Example 1: Input: ["MyHashMap","put","put","get","get","put","get","remove","get"] [[], [1,1], [2,2], [1], [3], [2,1], [2], [2], [2]] Output: [null, null, null, 1, -1, null, 1, null, -1]

Constraints:

• 0 <= key, value <= 10^6
• At most 10^4 calls will be made to put, get, and remove.

Prerequisites

Before attempting this problem, you should be comfortable with:

• Arrays — fixed-size storage for direct address tables
• Hash Functions — mapping keys to indices
• Linked Lists or Arrays — chaining to handle collisions

1. Fixed-Size Array (Direct Address Table)

Intuition

Since keys are bounded between 0 and 10^6, allocate an array of size 10^6 + 1 where each slot stores the associated value (or -1 to indicate absence). The key directly serves as the array index — no hash function needed. This is fast but memory-heavy.

Algorithm

• __init__: Create data = [-1] * (10^6 + 1).
• put(key, value): Set data[key] = value.
• get(key): Return data[key].
• remove(key): Set data[key] = -1.

Solution

class MyHashMap:
    def __init__(self):
        self.data = [-1] * (10**6 + 1)

    def put(self, key: int, value: int) -> None:
        self.data[key] = value

    def get(self, key: int) -> int:
        return self.data[key]

    def remove(self, key: int) -> None:
        self.data[key] = -1


hm = MyHashMap()
hm.put(1, 1)
hm.put(2, 2)
print(hm.get(1))    # 1
print(hm.get(3))    # -1
hm.put(2, 1)        # update key 2
print(hm.get(2))    # 1
hm.remove(2)
print(hm.get(2))    # -1

Complexity

• Time: O(1) per operation
• Space: O(N) where N = 10^6 — allocated upfront regardless of usage

2. Chaining with Buckets

Intuition

A more realistic implementation uses a hash function to assign keys to buckets, with each bucket holding a list of (key, value) pairs. On collision, pairs are stored in the same bucket and we search linearly for the matching key. This scales better in memory when the key space is large.

Algorithm

• __init__: Create NUM_BUCKETS empty lists.
• _hash(key): Return key % NUM_BUCKETS.
• put(key, value): Search the bucket for key. If found, update value. Otherwise, append (key, value).
• get(key): Search the bucket for key. Return its value or -1.
• remove(key): Filter out the pair with key from the bucket.

flowchart LR
    P1["put(1, 1)"] --> B1["hash=1  bucket[1] = [(1,1)]"]
    P2["put(1001, 5)"] --> B2["hash=1  bucket[1] = [(1,1),(1001,5)]"]
    G["get(1001)"] --> S["search bucket[1] for key=1001  →  found  →  return 5"]

Solution

class MyHashMap:
    NUM_BUCKETS = 1000

    def __init__(self):
        self.buckets = [[] for _ in range(self.NUM_BUCKETS)]

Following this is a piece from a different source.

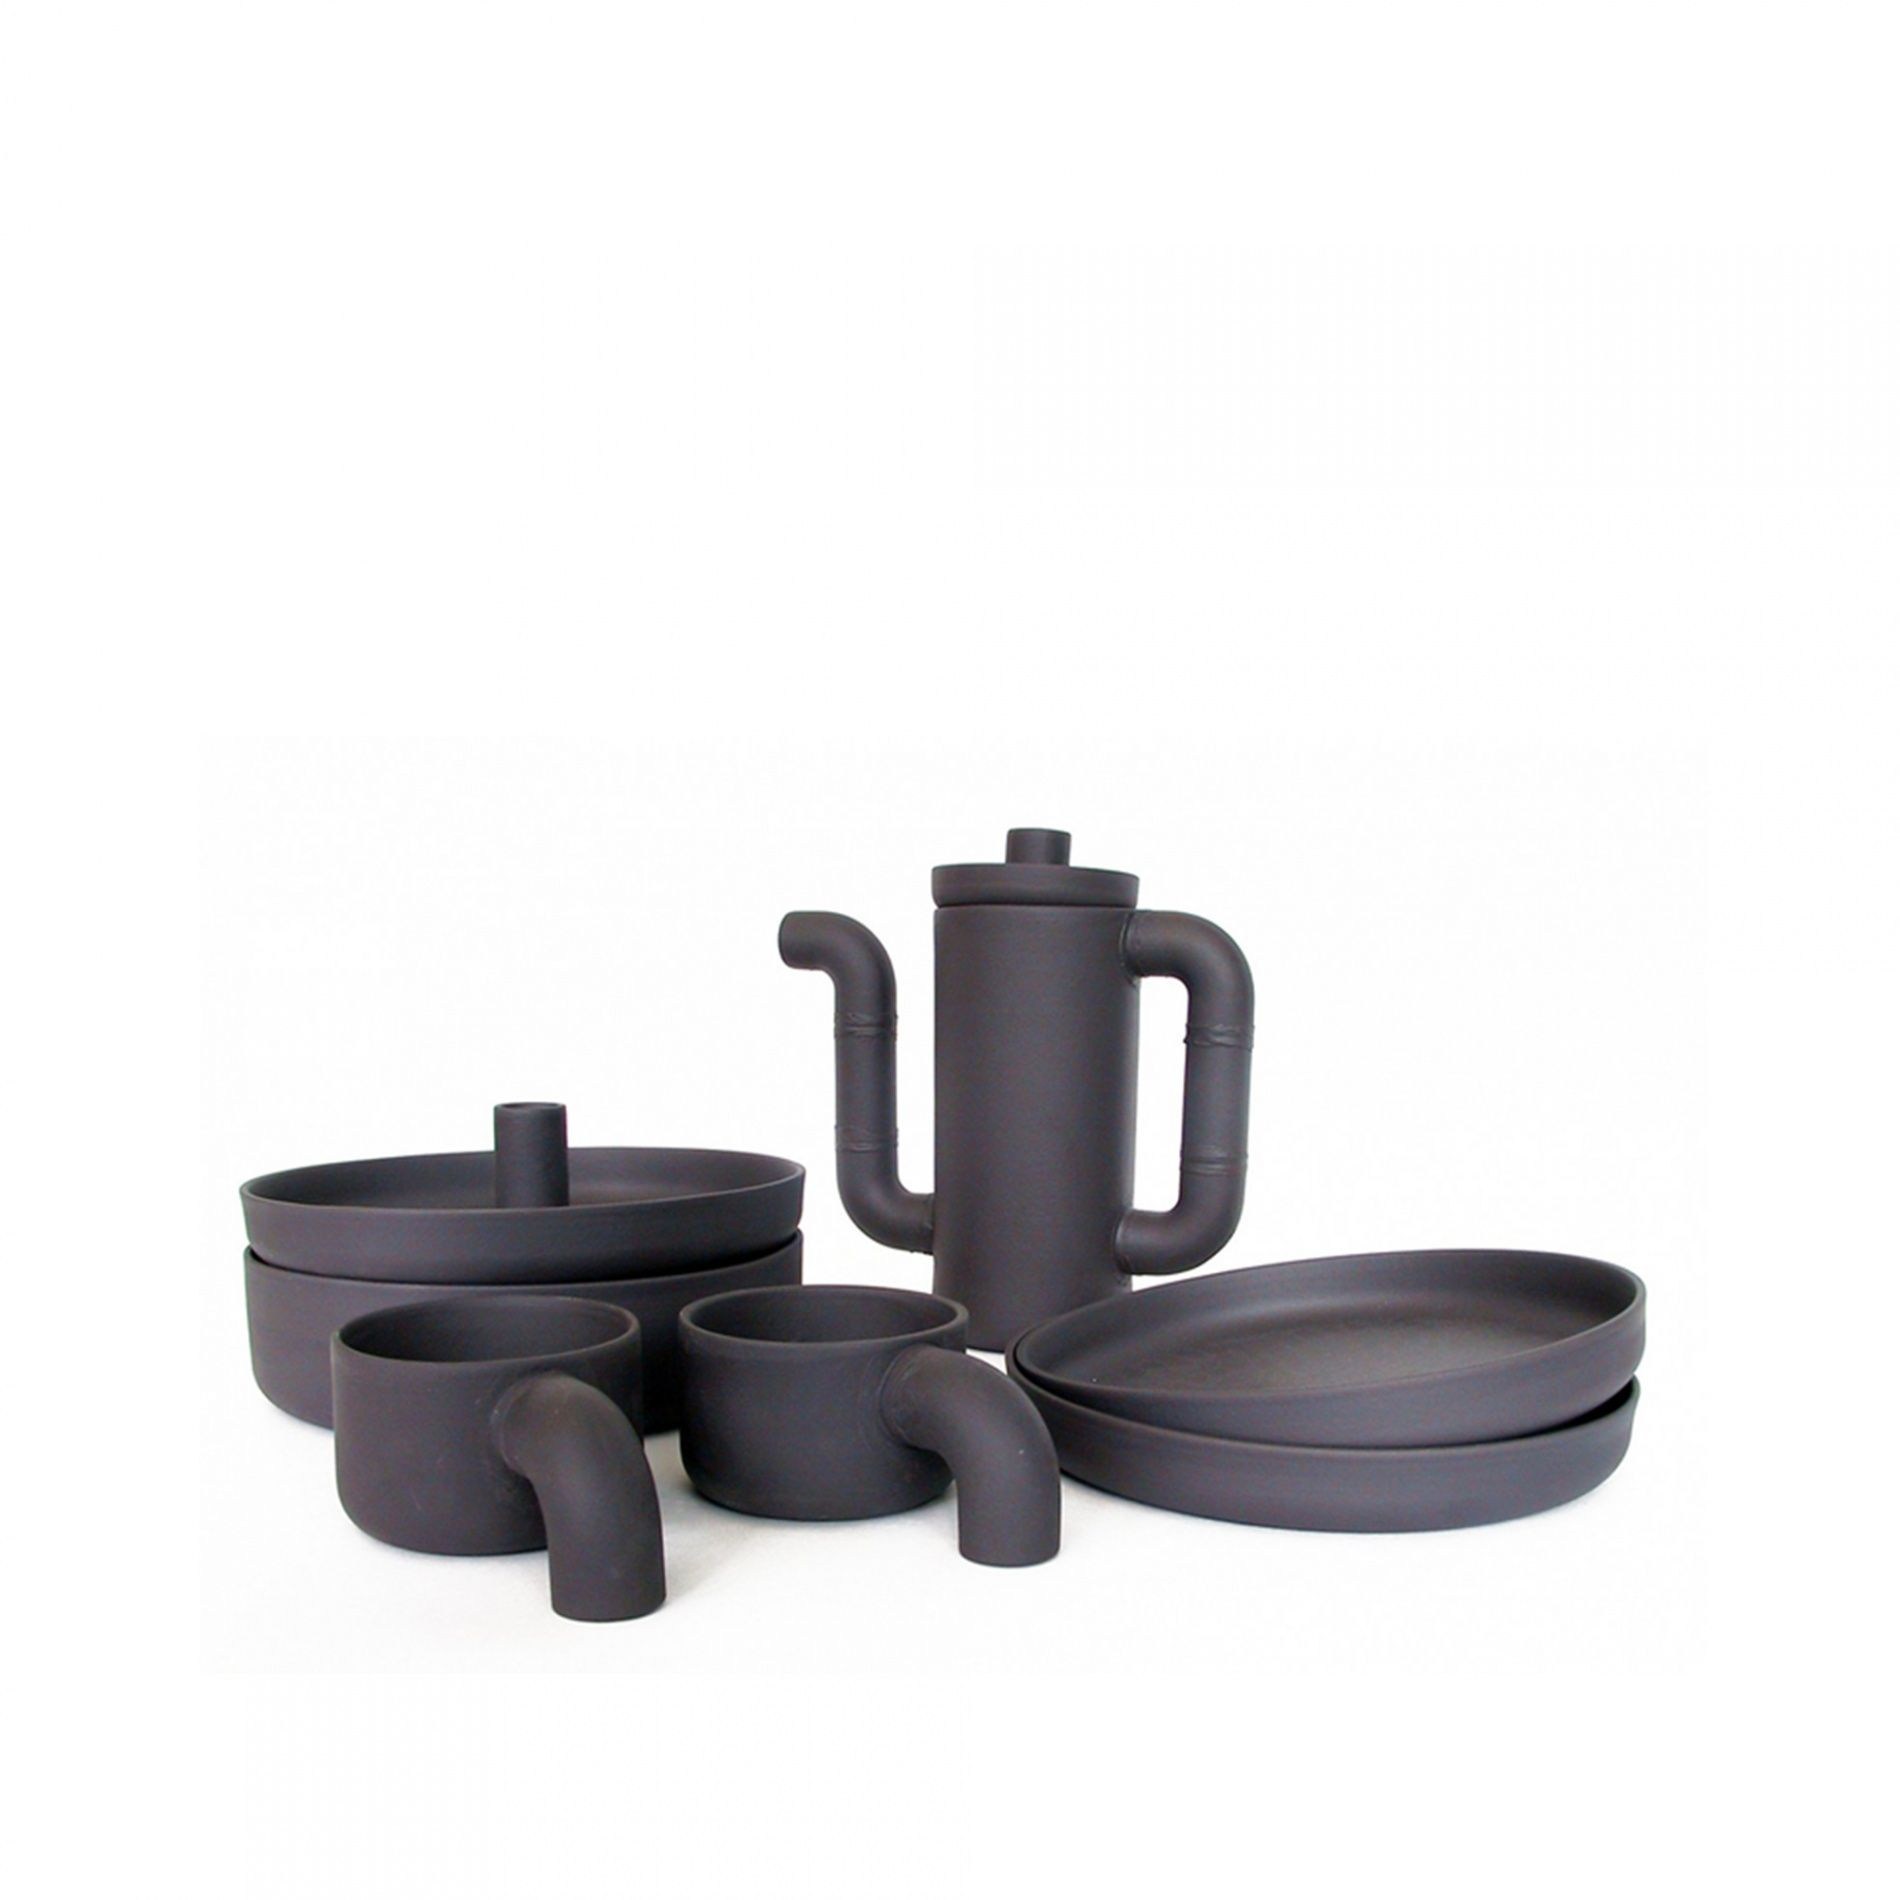 Designer Coffee Set | Dutch Black Porcelain | Ineke Hans

    def _hash(self, key: int) -> int:
        return key % self.NUM_BUCKETS

    def put(self, key: int, value: int) -> None:
        h = self._hash(key)
        for i, (k, v) in enumerate(self.buckets[h]):
            if k == key:
                self.buckets[h][i] = (key, value)
                return
        self.buckets[h].append((key, value))

    def get(self, key: int) -> int:
        h = self._hash(key)
        for k, v in self.buckets[h]:
            if k == key:
                return v
        return -1

    def remove(self, key: int) -> None:
        h = self._hash(key)
        self.buckets[h] = [(k, v) for k, v in self.buckets[h] if k != key]


hm = MyHashMap()
hm.put(1, 1)
hm.put(2, 2)
print(hm.get(1))    # 1
print(hm.get(3))    # -1
hm.put(2, 1)        # update key 2
print(hm.get(2))    # 1
hm.remove(2)
print(hm.get(2))    # -1

Complexity

• Time: O(n / k) per operation on average, where n is the number of stored pairs and k is the number of buckets
• Space: O(n + k)

Common Pitfalls

Updating instead of appending on duplicate keys. put must update the value for an existing key, not append a second (key, value) pair. Iterate through the bucket first; if the key is found, update in place and return early.

Returning -1 for absent keys vs. None. The problem specifies -1 as the sentinel for “not found.” If you use a different sentinel, you risk confusing a legitimately stored value of -1 with “not found.” For this problem, the constraints say 0 <= value <= 10^6, so -1 is safe. In a general-purpose map, use None instead.

Thread safety. Real hash map implementations need locking or lock-free data structures for concurrent access. For this problem, assume single-threaded access.